**RECORDED INFORMATION**:
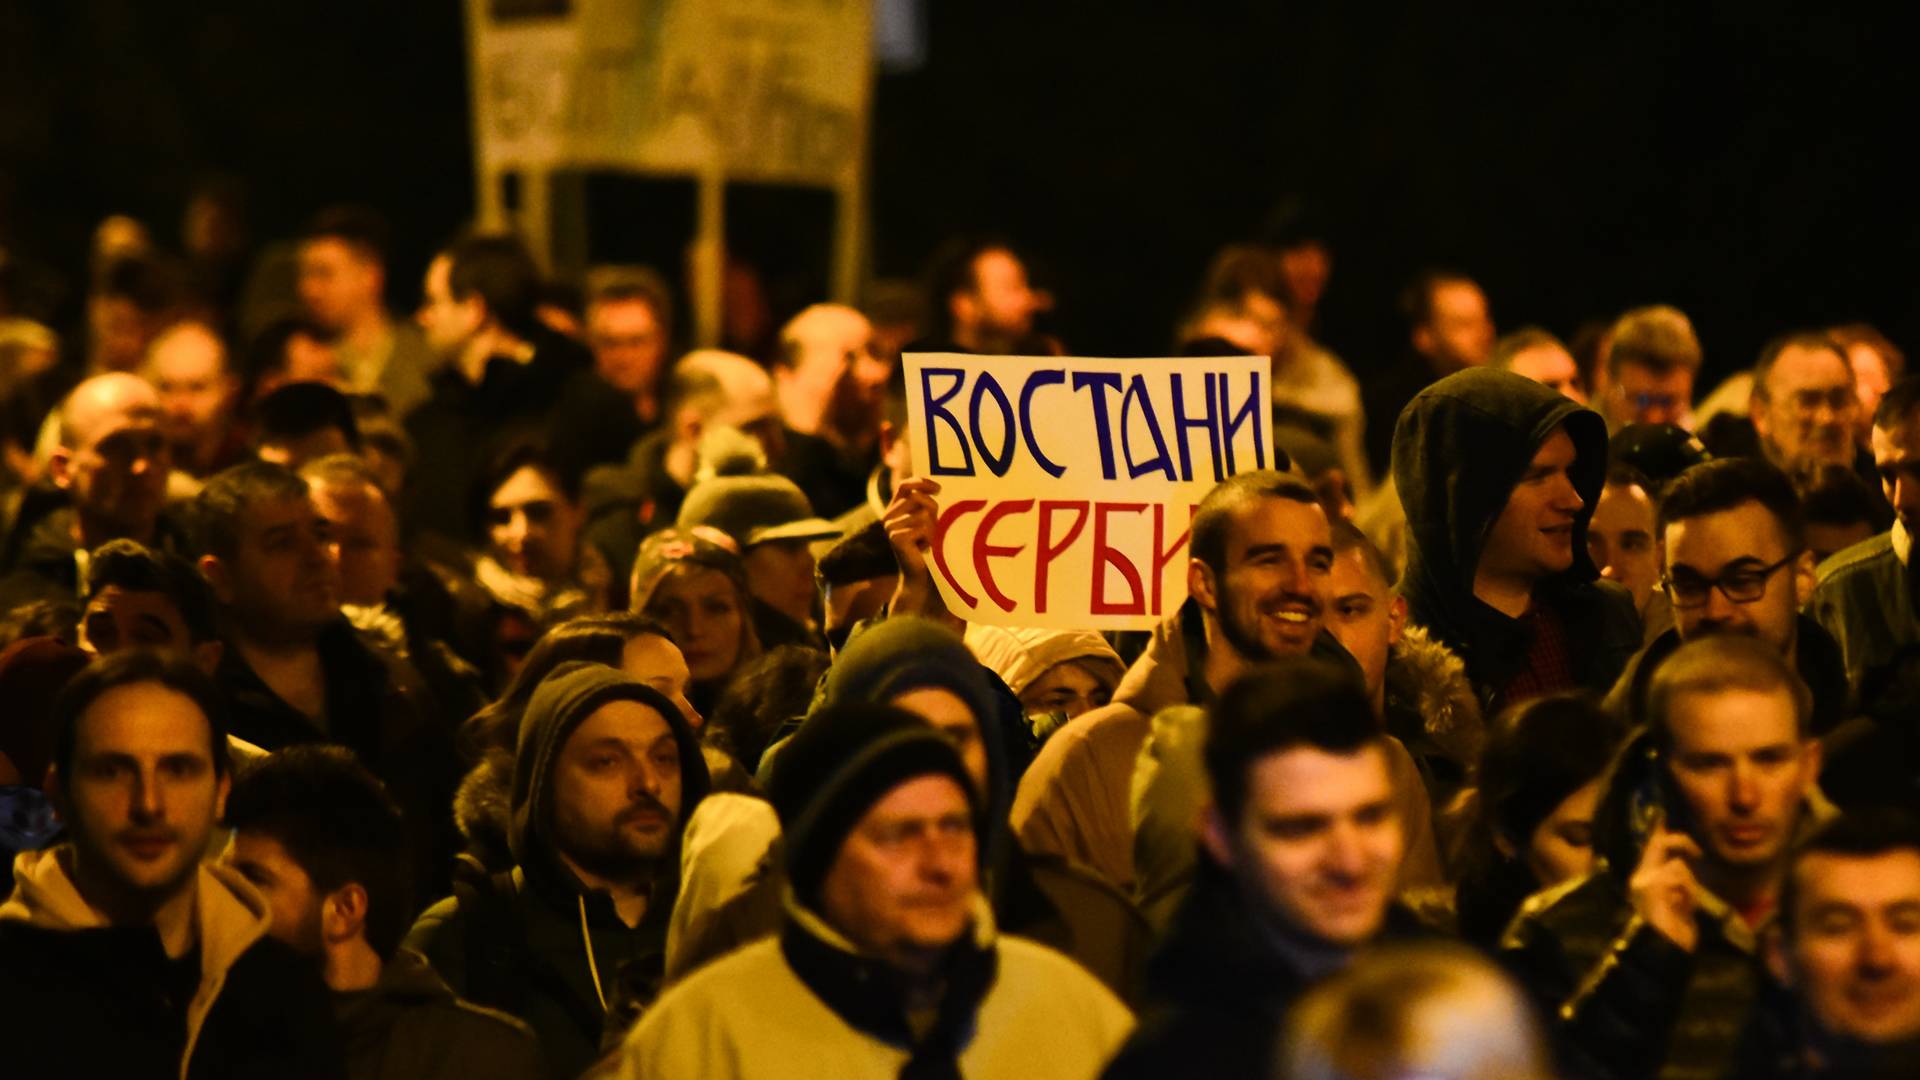 Novosadski protest uz pesmu "Pukni zoro" je verovatno najbolji protest do sad
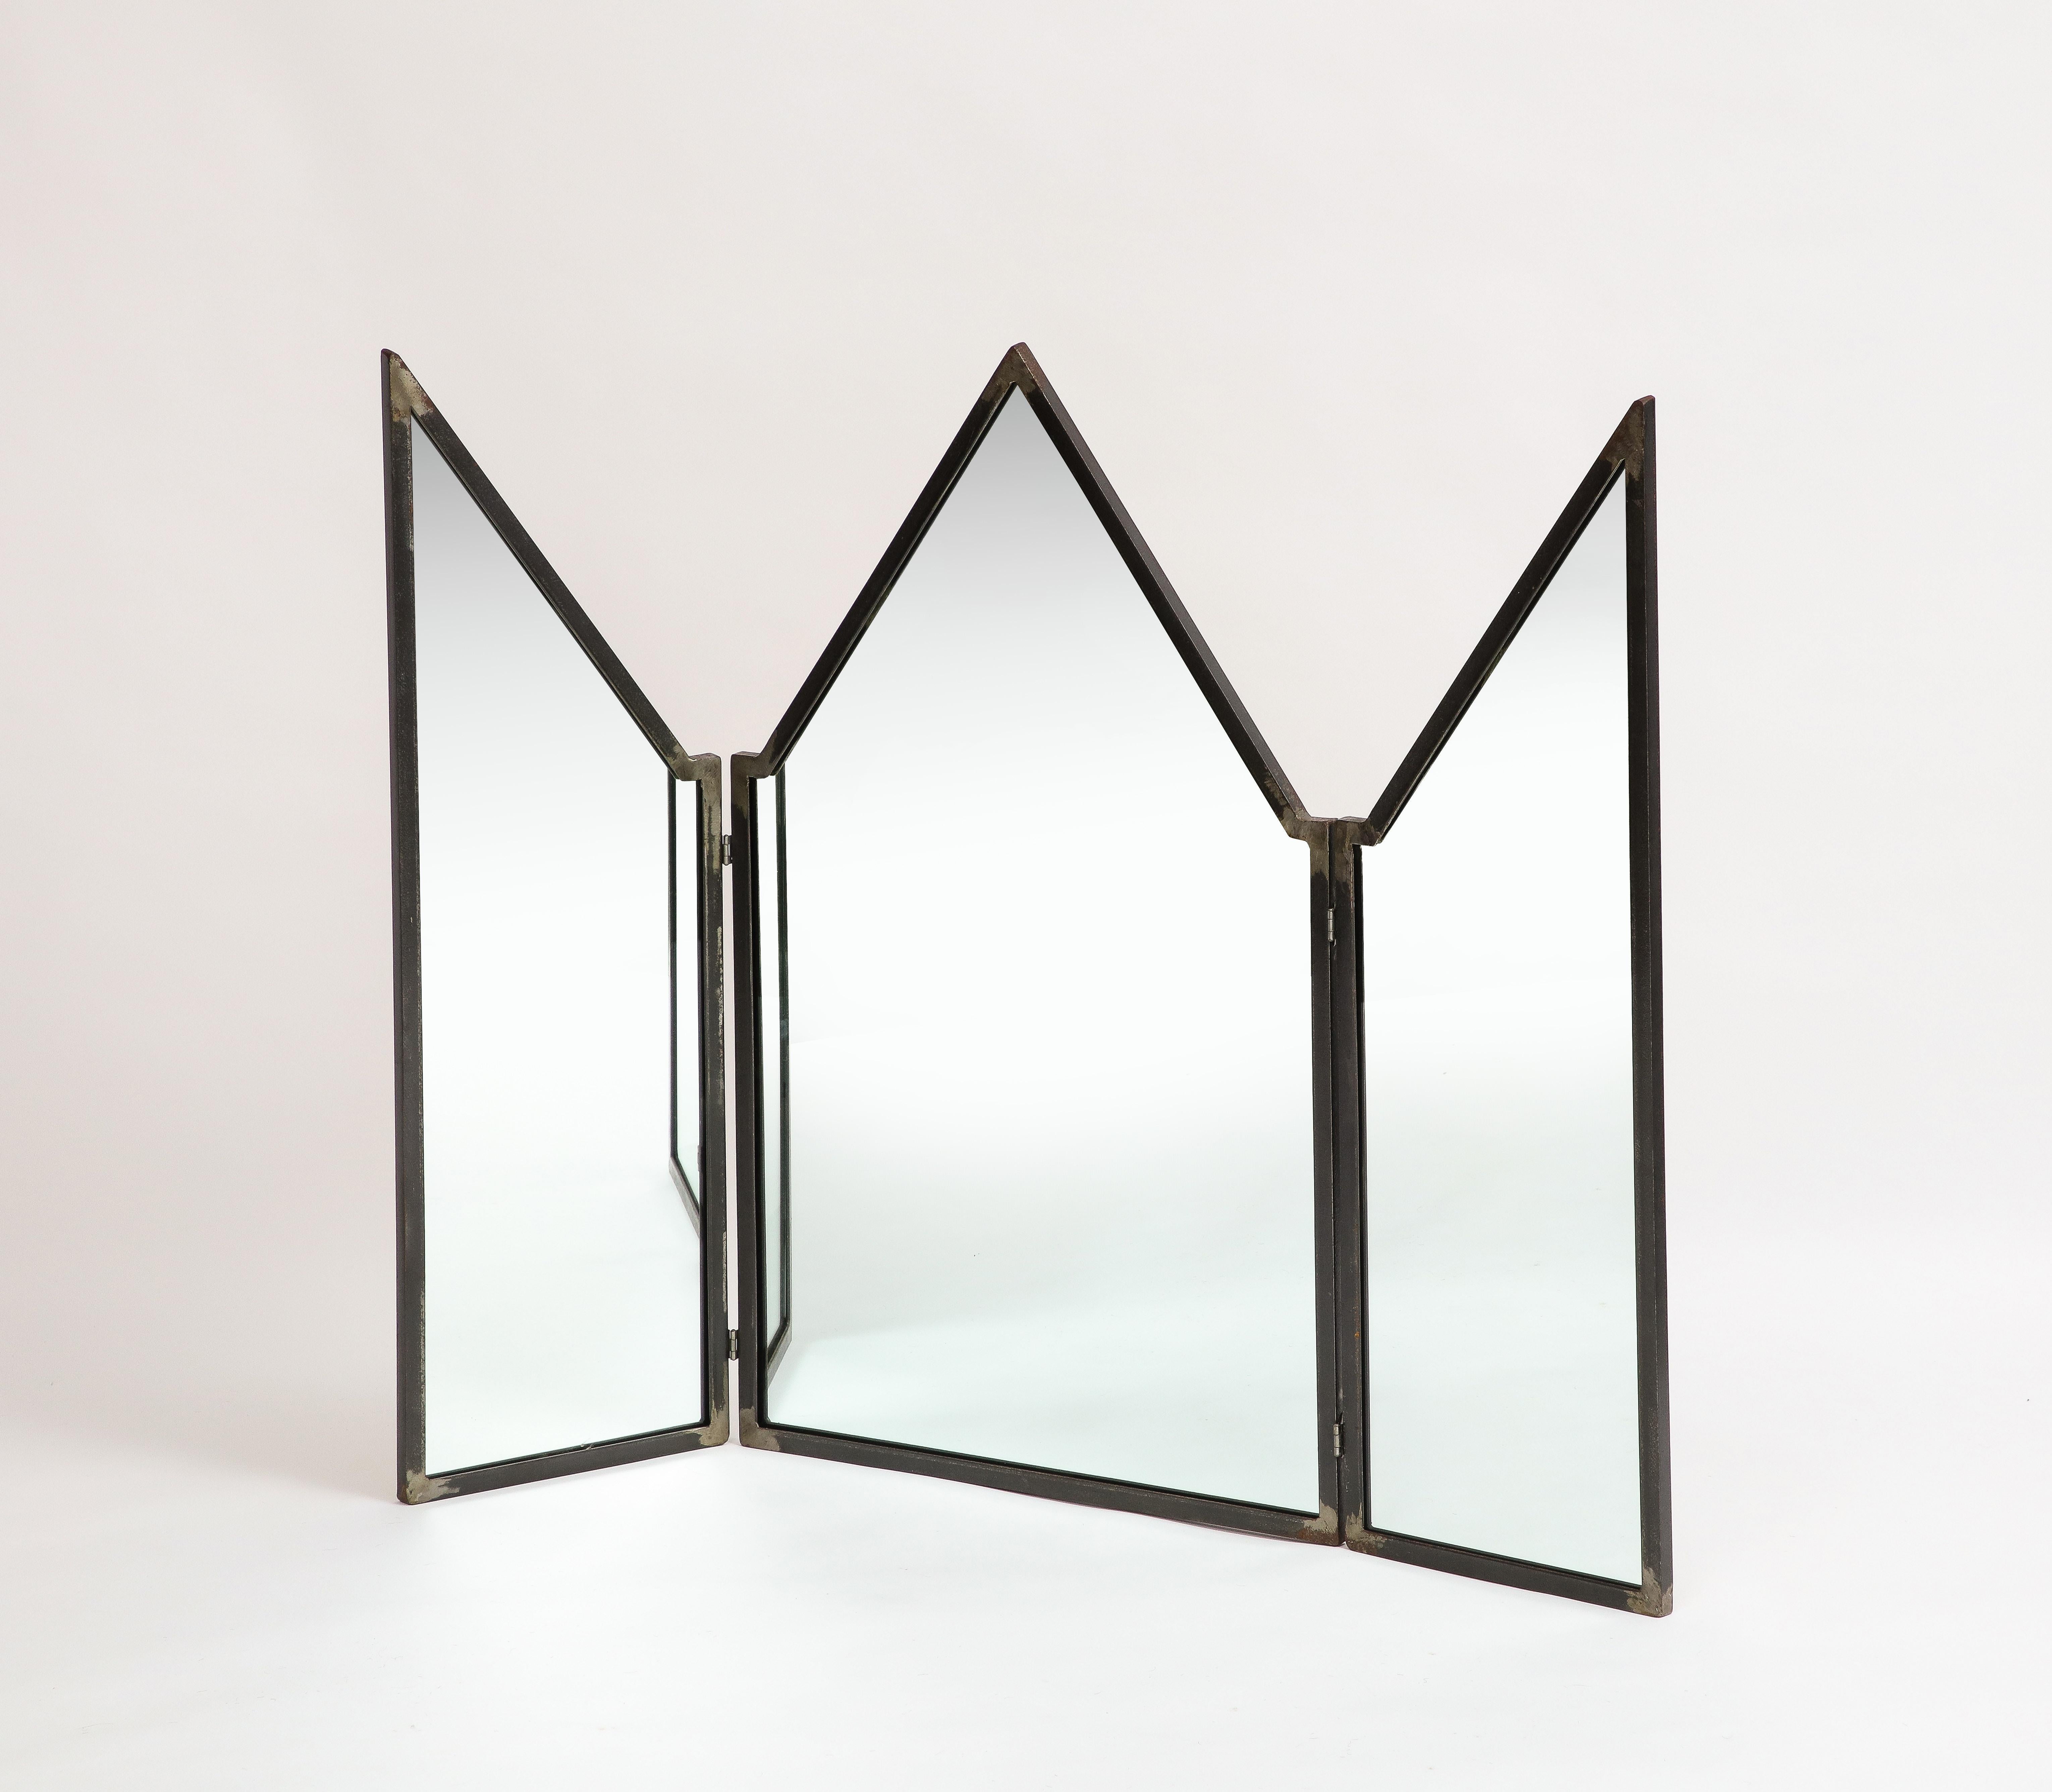 Miroir pliant moderne en fer patiné de Mario Villa (1953-2021), provenant de sa succession. Le miroir est constitué de trois panneaux à fronton avec des sommets en pointe. Le miroir et le support en bois ont été remplacés en 2022. 

Mesures : 39
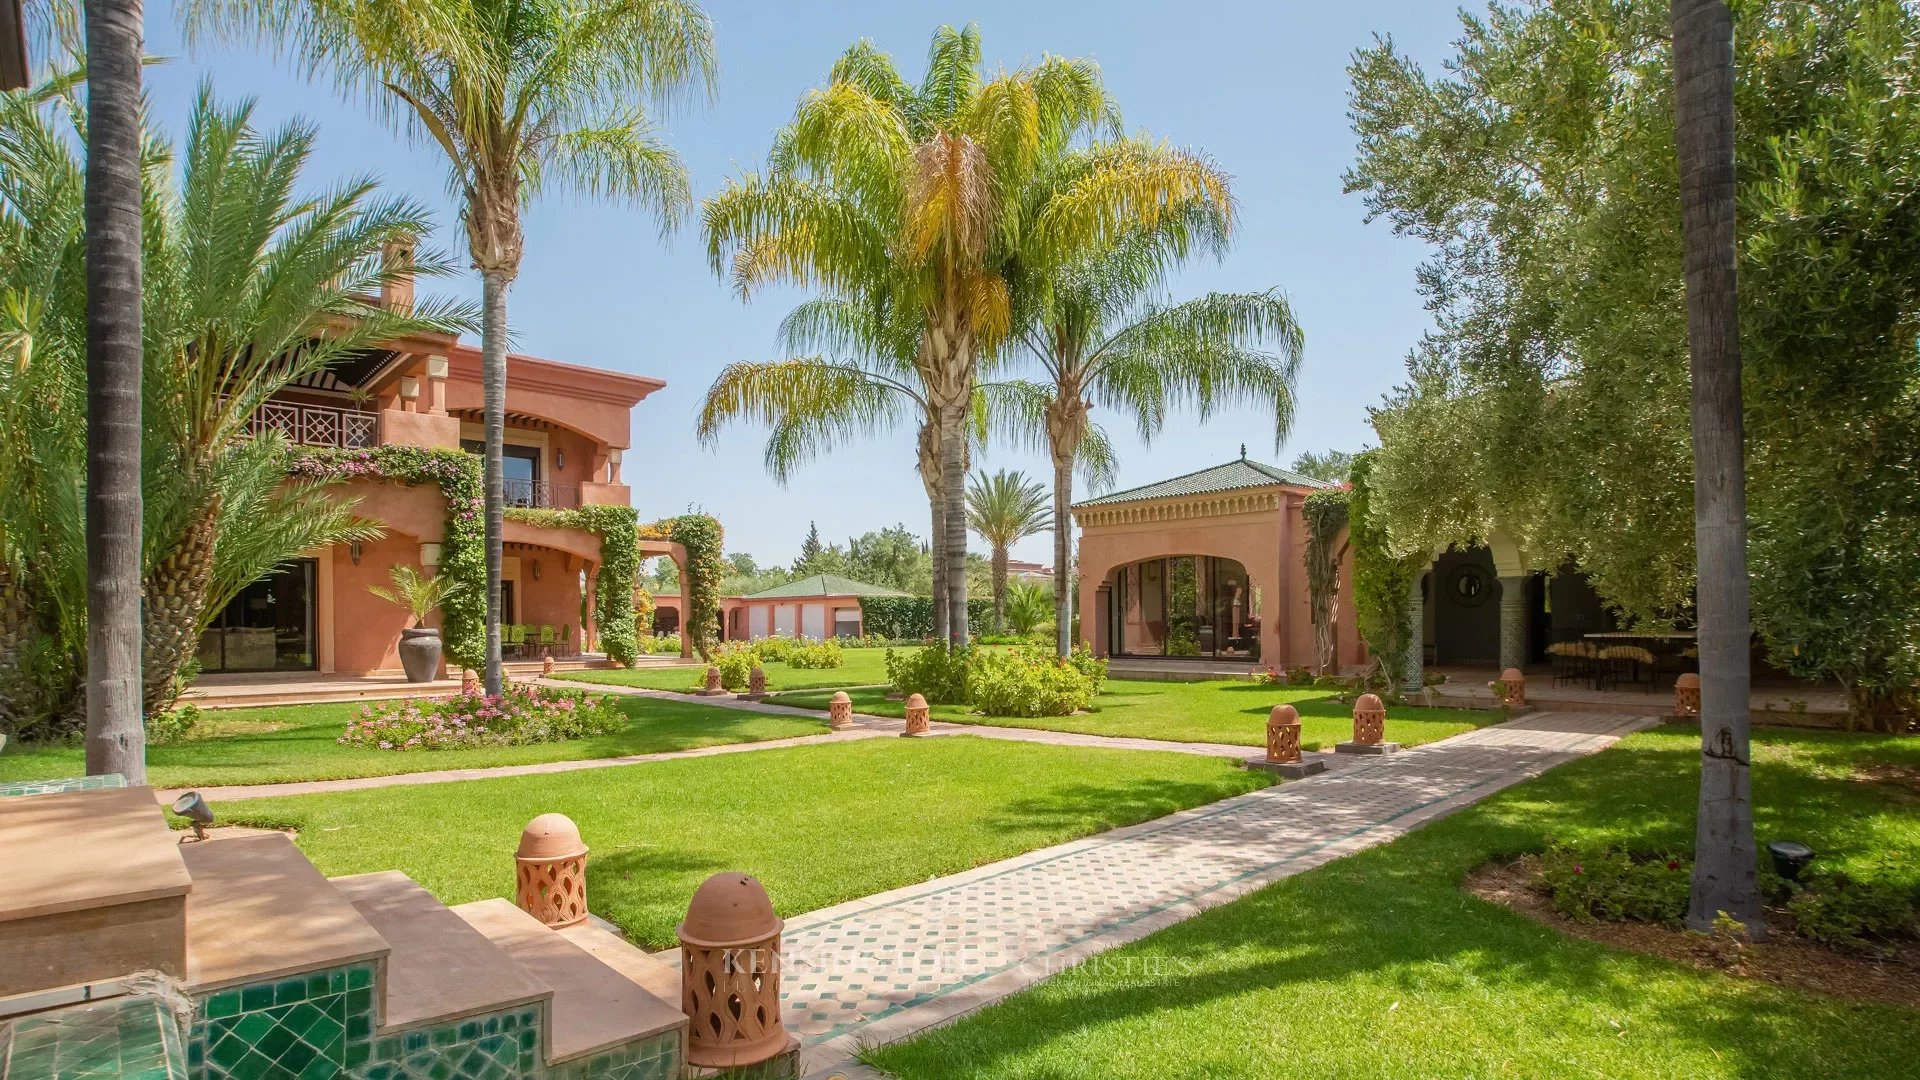 Villa Fati in Marrakech, Morocco

**WORK TO BE COMPLETED**: Transcribe the material above in full. No picture is to be copied.

**EXPECTED ANSWER**:
 Novosadski protest uz pesmu "Pukni zoro" je verovatno najbolji protest do sad
 Miroir pliant moderne en fer patiné de Mario Villa (1953-2021), provenant de sa succession. Le miroir est constitué de trois panneaux à fronton avec des sommets en pointe. Le miroir et le support en bois ont été remplacés en 2022. 

Mesures : 39
 Villa Fati in Marrakech, Morocco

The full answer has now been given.